II: 1450–55
16
The Wedding
When Margaret closed her eyes she could still see the colours of the stained-glass windows, scarlet, indigo and gold. It was another world, behind her eyelids, with its own patterns of light and shade, its own depths and shallows. It was where, she believed, God was hiding. God, whose presence was immanent in the world, which meant that you couldn’t see Him. But if you waited without ever giving up hope, and paid attention to the spaces between words or the pause between one breath and the next, God, like a shy deer, might emerge from the hidden, shadowy places.
God was also in Heaven, of course, which was part of the mystery. The chapel ceiling had been painted a deep blue to represent the cerulean of Paradise. This she could not see through her eyelids, but if she pressed the balls of her eyes surreptitiously, contrary to the warnings of her nurse, she could see swirling lines, blocks of colour and dots which spiralled away from each other and re-formed differently. If she kept up the pressure long enough, it seemed to her that these patterns might resolve into a different world; one that was ordinarily too dazzling for human eyes.
This was what she thought about while the priest intoned the mass in Latin, and further along the pew her guardian’s son, John, fidgeted and twisted in his seat and kicked the bench in front. They had been separated because he kept trying to pull her hair from its cap, then tie it to the pew behind. Even now he was trying to attract her attention – she could see him from the corner of her eye. Which was another reason for keeping her eyes closed.
She had been told that she must play with him like a good little girl; he was her brother now.
Which was a little confusing because her mother had married again and had a little boy who was also her brother, and also named John.
At first there had been other children to play with in this household, and then just Margaret and John. The other children were never mentioned again; she did not know if they had died, or been sent away. But she understood that she was in some way special. ‘This is your second home,’ she had been told.
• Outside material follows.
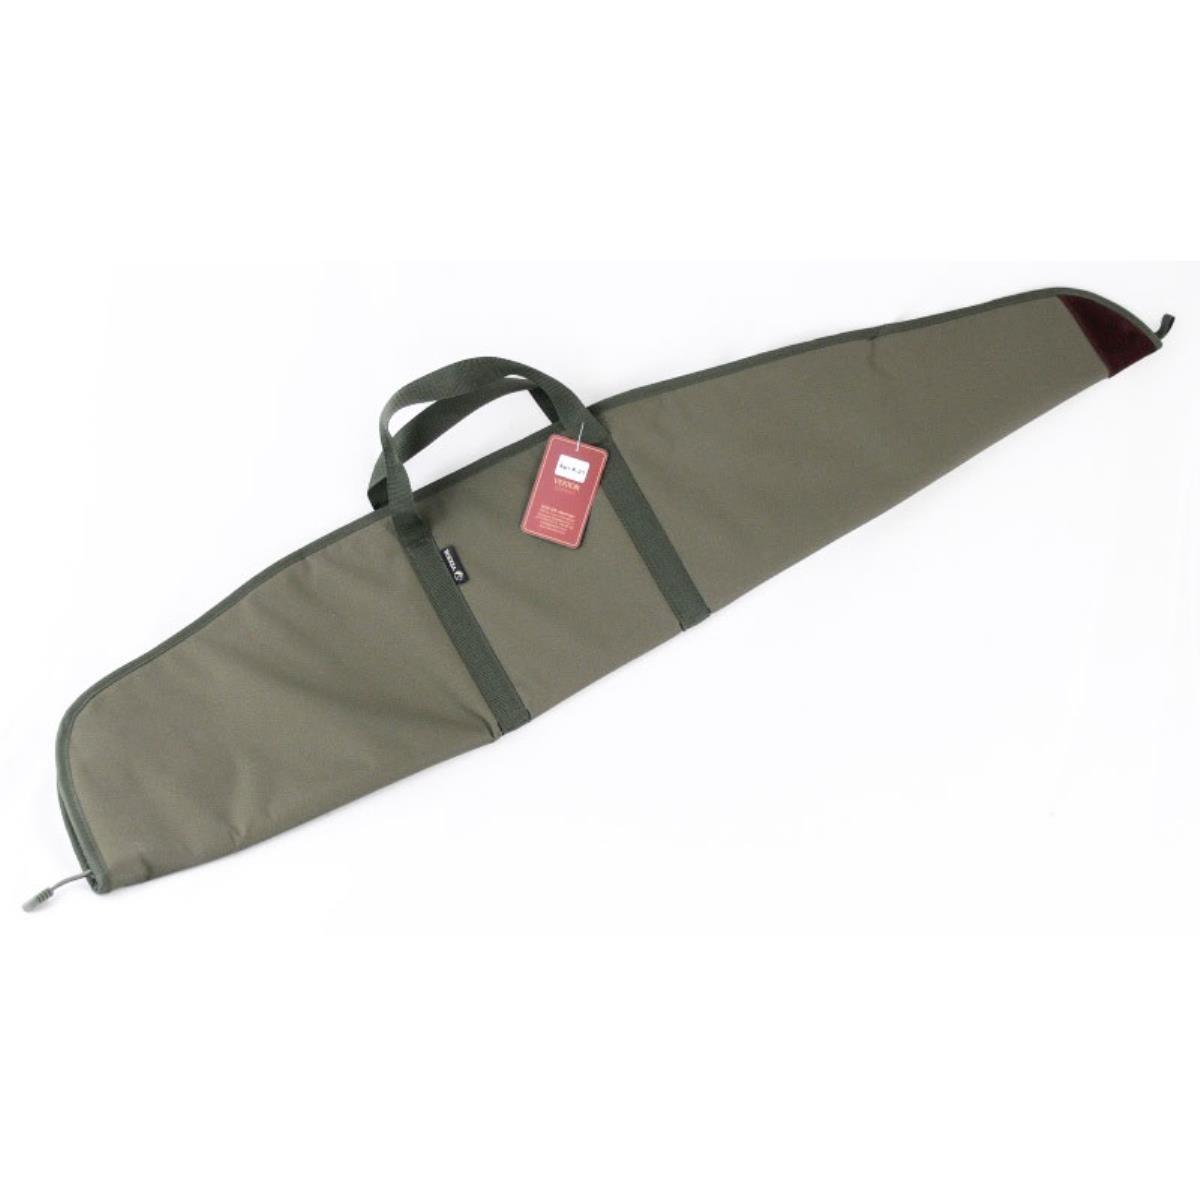 Funda Capron con mira para rifle con óptica, longitud 119 cm Vektor K-21
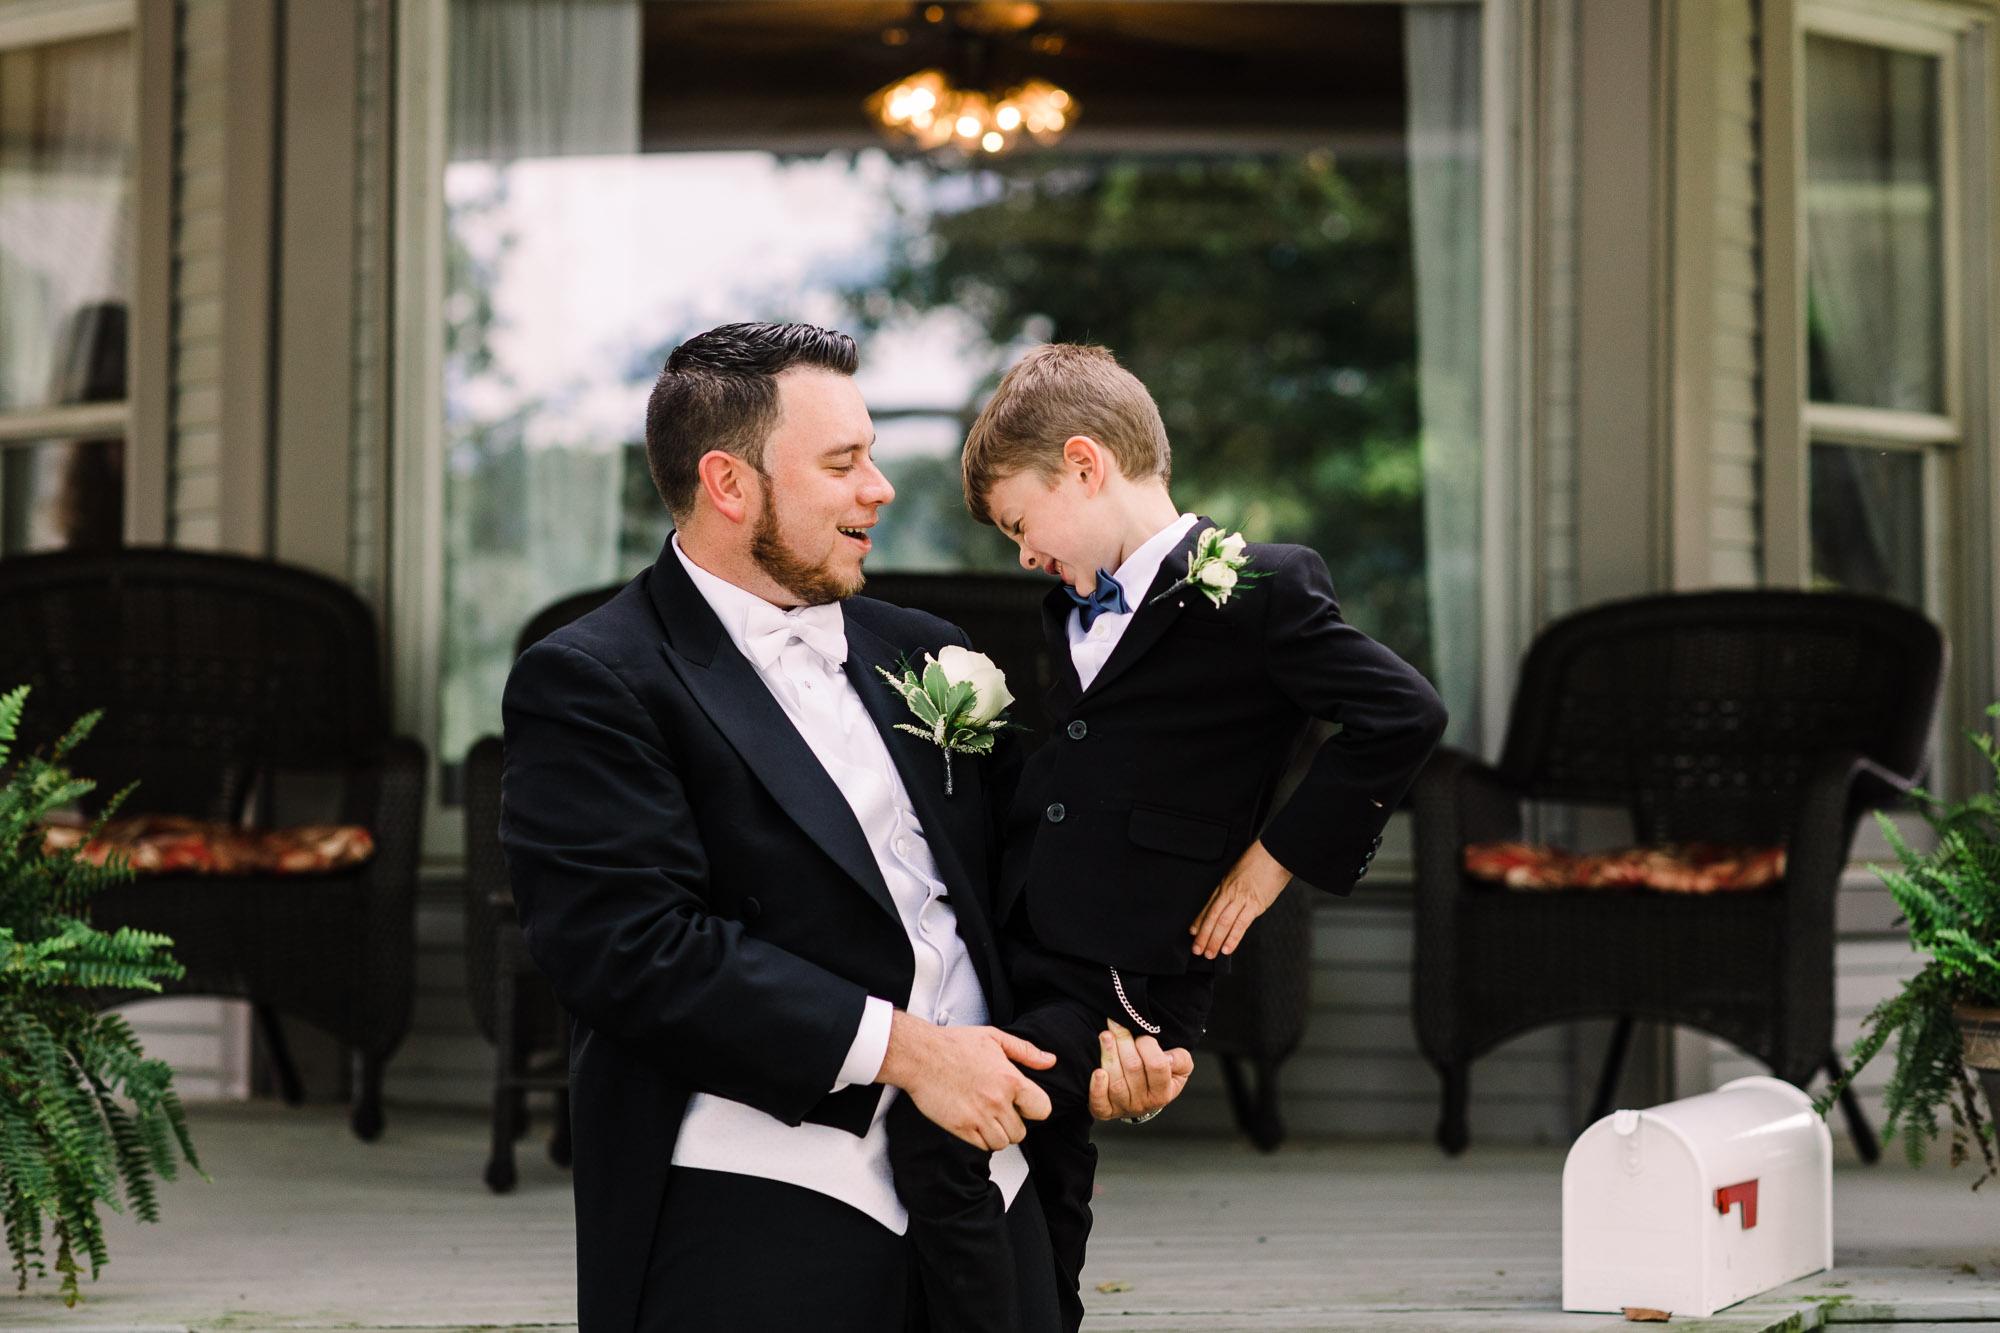 isle-of-que-wedding-6637.jpg

And her nurse had said she was lucky – ‘a lucky little chick’ – to have such a grand home in addition to her own.
She knew she was lucky, though she sometimes wished she could play with someone else. When she glanced secretly at her foster-brother he was pulling faces at her, as if he knew, all the time, that she would look. She leaned forward in her seat and pressed her fingertips still more firmly into her eyelids, waiting for the revelation of God.
When it didn’t happen, and the service ended, they were taken to John’s rooms to play, because they played together so well.
They played together well, she had discovered, as long as she let him win. If not, she had been astonished to find that he cried louder and harder than she, and his nurse would come running to comfort him, while her nurse chided her gently: it was only natural that a boy would want to win.
‘But he always wants to win,’ she had objected on more than one occasion, and her nurse would say ‘Well!’ As if it were of so little consequence that she shouldn’t make a fuss. And then she would make one of the comments that even from a young age had outraged Margaret’s logic, such as ‘Losing is the way little ladies win’, or ‘The ball that would rise, must fall.’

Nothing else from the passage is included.